A peine d’irrecevabilité, relevée d’office, l’intimé dépose ou adresse au greffe de la cour ses conclusions et les documents qu’il entend produire dans un délai de trois mois à compter de la notification des conclusions de l’appelant. Le cas échéant, il forme appel incident dans le même délai et sous la même sanction.
L’intimé à un appel incident ou à un appel provoqué dispose, à peine d’irrecevabilité relevée d’office, d’un délai de trois mois à compter de la notification qui lui en est faite pour conclure.
Le commissaire du Gouvernement dépose ou adresse au greffe de la cour ses conclusions et l’ensemble des pièces sur lesquelles il fonde son évaluation dans le même délai et sous la même sanction que celle prévue au deuxième alinéa.
Les conclusions et les documents sont produits en autant d’exemplaires qu’il y a de parties, plus un.
Le greffe notifie à chaque intéressé et au commissaire du Gouvernement, dès leur réception, une copie des pièces qui lui sont transmises.
La déclaration d’appel date du 10 mai 2024. Le délai imparti à la SCI Baron de Montigny pour déposer son mémoire expirait donc le 12 août 2024 à minuit, comme il est dit aux articles 641 alinéa 2 et 642 alinéa 2 du code de procédure civile, car le 10 août était un samedi et le 11 un dimanche. C’est le 21 août 2024 que la SCI Baron de Montigny a adressé au greffe de la Cour son mémoire d’appelante, cette date étant celle de sa lettre d’accompagnement et surtout celle du document de la poste 'Colissimo’ : 'départ le 21 août 2024'. Il n’y a pas lieu, à cet égard, de tenir compte de la mention 'transmsises le 22 août 2024' figurant dans la lettre de notification du greffe du 30 octobre 2024.
Faute par la SCI Baron de Montigny d’avoir adressé son mémoire au greffe dans les trois mois de la déclaration d’appel, celle-ci sera déclarée caduque.
L’équité ne commande pas d’allouer une somme en application de l’article 700 du code de procédure civile à la commune d'[Localité 7].

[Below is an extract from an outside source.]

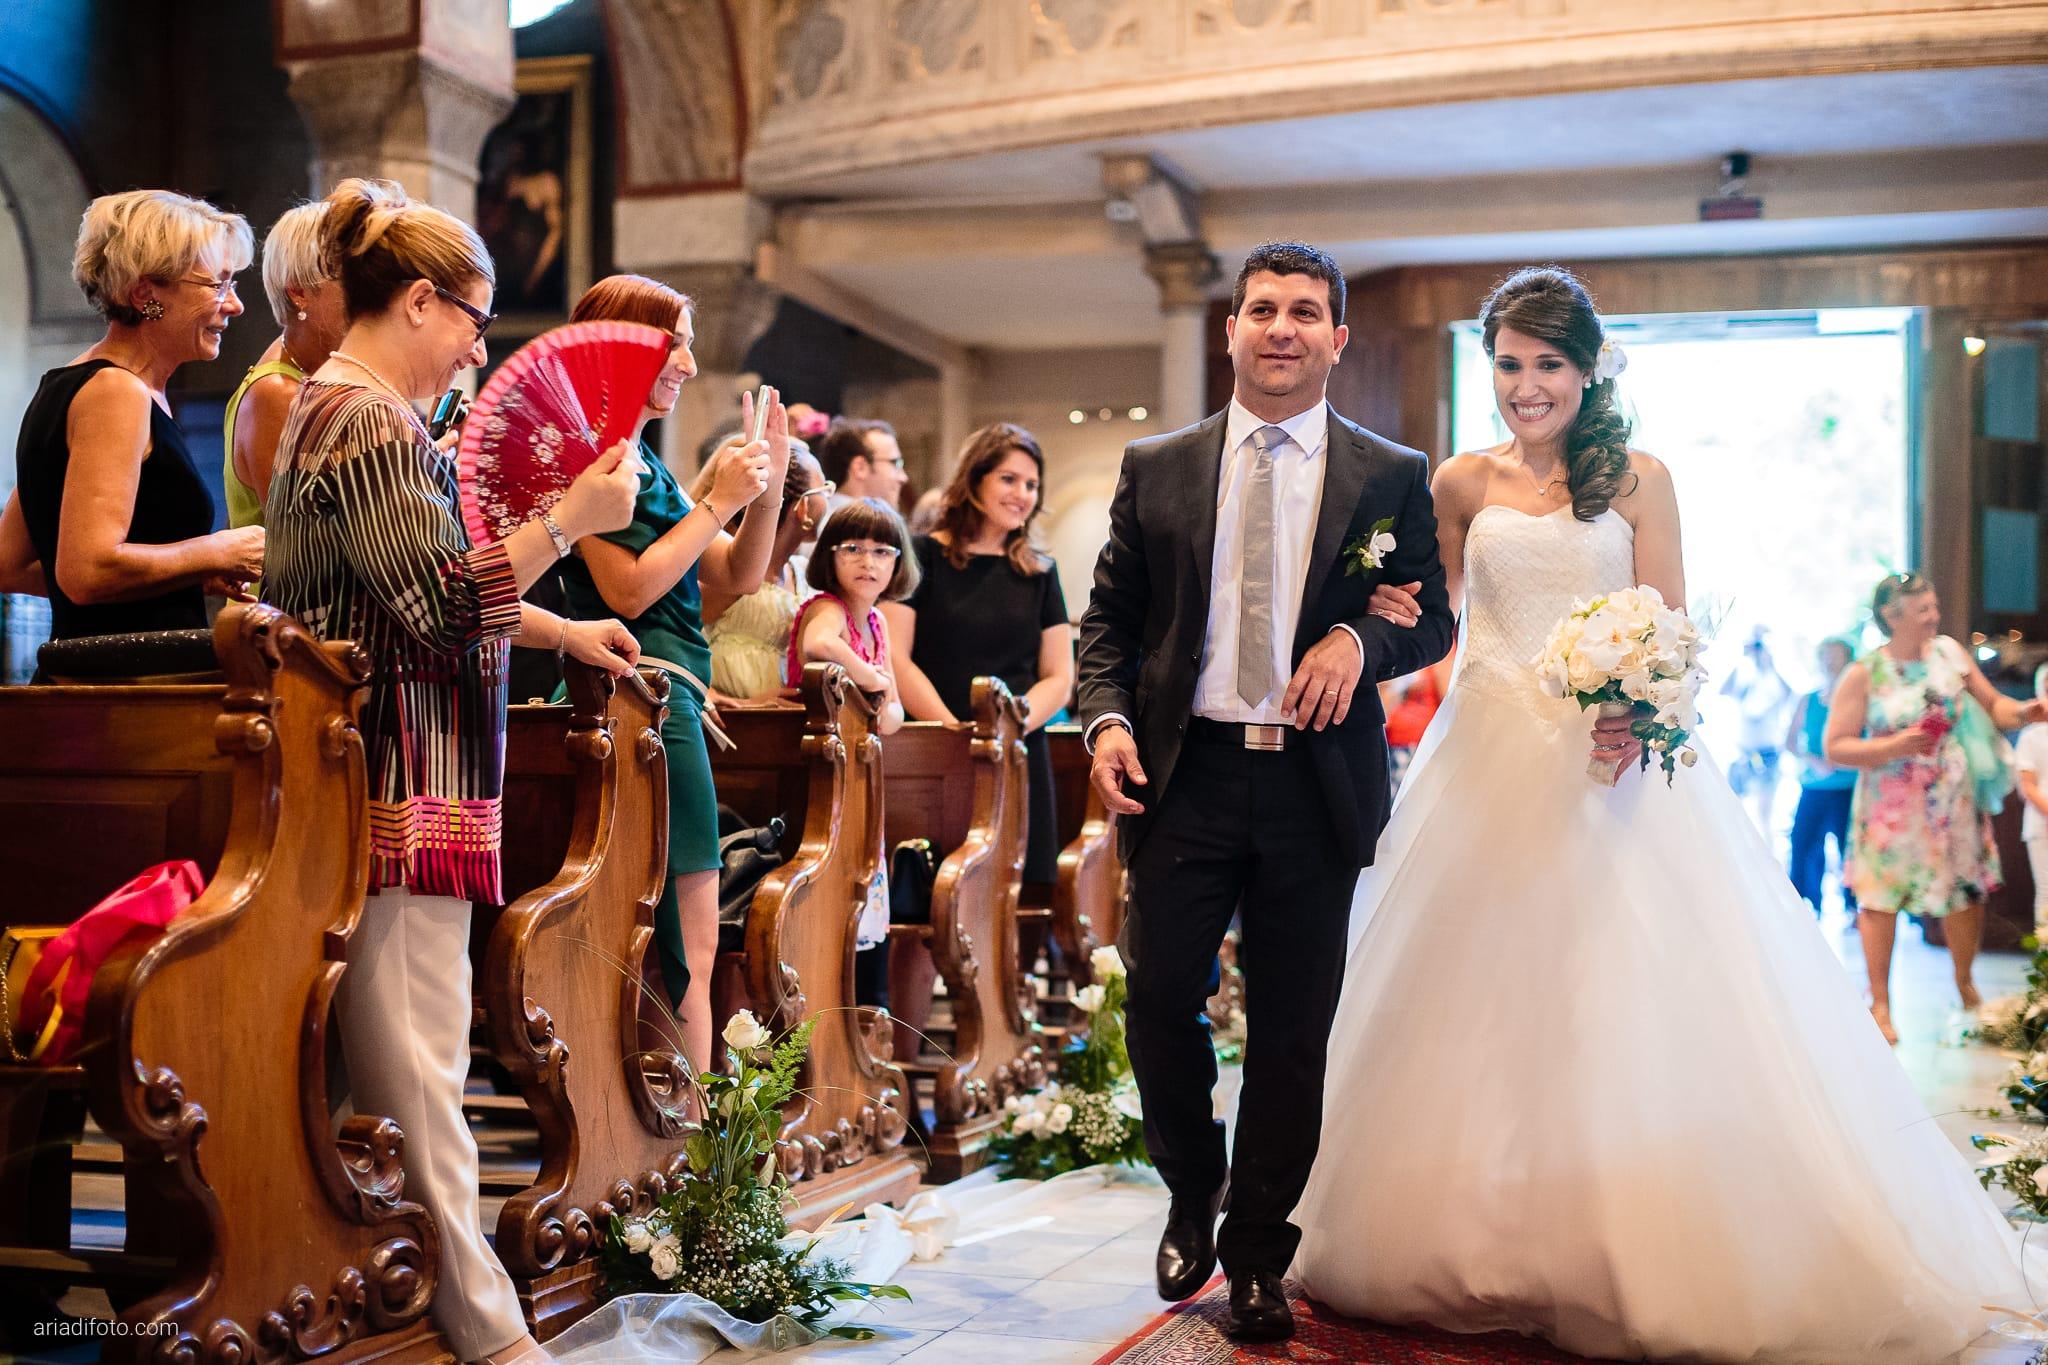 Mariarita Matteo Matrimonio Trieste Cattedrale San Giusto Villa Attems Cernozza Postcastro Lucinico Gorizia cerimonia ingresso sposa

La SCI Baron de Montigny sera condamnée aux dépens d’appel.
PAR CES MOTIFS
— DÉCLARE irrecevable le mémoire déposé par la SCI Baron de Montigny le 9 août 2024 par RPVA ;
— DÉCLARE caduque la déclaration d’appel en date du 10 mai 2024 ;
— REJETTE la demande de la commune d'[Localité 7] en application de l’article 700 du code de procédure civile ;
— CONDAMNE la SCI Baron de Montigny aux dépens d’appel, qui seront recouvrés par Maître Dontot.
Prononcé publiquement par mise à disposition de l’arrêt au greffe de la cour, les parties en ayant été préalablement avisées dans les conditions prévues au deuxième alinéa de l’article 450 du code de procédure civile.
Signé par Monsieur Raphaël TRARIEUX, Président et par Madame Kalliopi CAPO-CHICHI, Greffière, auquel la minute de la décision a été remise par le magistrat signataire.